The Legal Services Commission can expect a ‘nationwide’ challenge to the lawfulness of its recent tenders, according to an alliance of 12 family firms which plan to take the fight to the agency.

The firms, based in London, Exeter and Hull, all failed to get new contracts. They have combined to seek a judicial review of the family tender exercise, which saw the number of firms with contracts slashed by 46%.

A pre-action letter, sent this week to the LSC’s chief executive Carolyn Downs and seen by the Gazette, says they are also ‘liaising’ with 31 firms in the north-east and ‘seeking to coordinate what we anticipate is likely to become a nationwide action or series of actions’.

The move comes hot on the heels of similar challenges by the Law Society and Birmingham housing specialists The Community Law Partnership.
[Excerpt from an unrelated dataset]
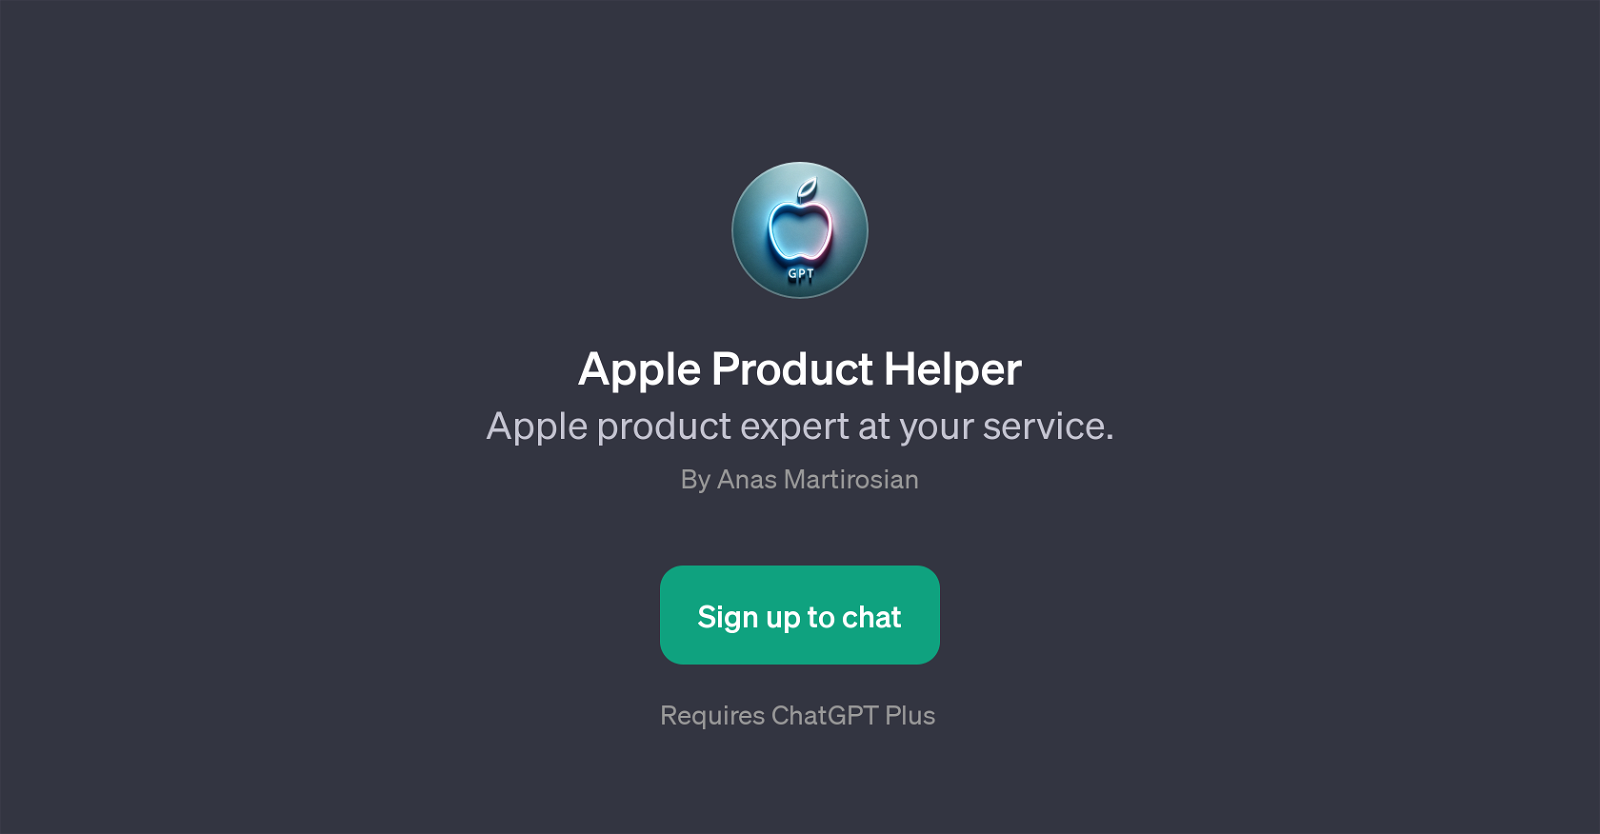 Apple Product Helper website

Led by Derek Reynolds, a solicitor at London firm Children & Families Law Firm, the 12 firms claim the tendering process was ‘unlawful’ and that therefore the decision not to award them contracts was also ‘unlawful’.

They ask the LSC to suspend the completion of the tendering process and extend the current contracts until the conclusion of any negotiation, comprehensive review or litigation. If it does not do so, they intend to seek a declaration from the court that the process was unlawful and ask for the outcome of the tender to be quashed.

The firms claim the selection and scoring criteria adopted were arbitrary and irrational, and that the tendering process breached The Public Contracts Regulations 2006 in that is was discriminatory, lacked transparency and failed to accord equal treatment to the different firms and organisations which submitted bids.

The pre-action letter states that the LSC’s process ‘was wholly inconsistent with its own policy’ and says ‘the individual decisions were not only irrational but were also disproportionate’.

The other 11 firms included in the action are: London firms Barnet Family Law, Creighton & Partners, Dundons, Dunning & Co, IBB, Lomax Lloyd-Jones & Co and Wainwright & Cummings; Hull firms Burstalls and Stamps Family Solicitors; and Exeter firms Cartridges and Ford Simey.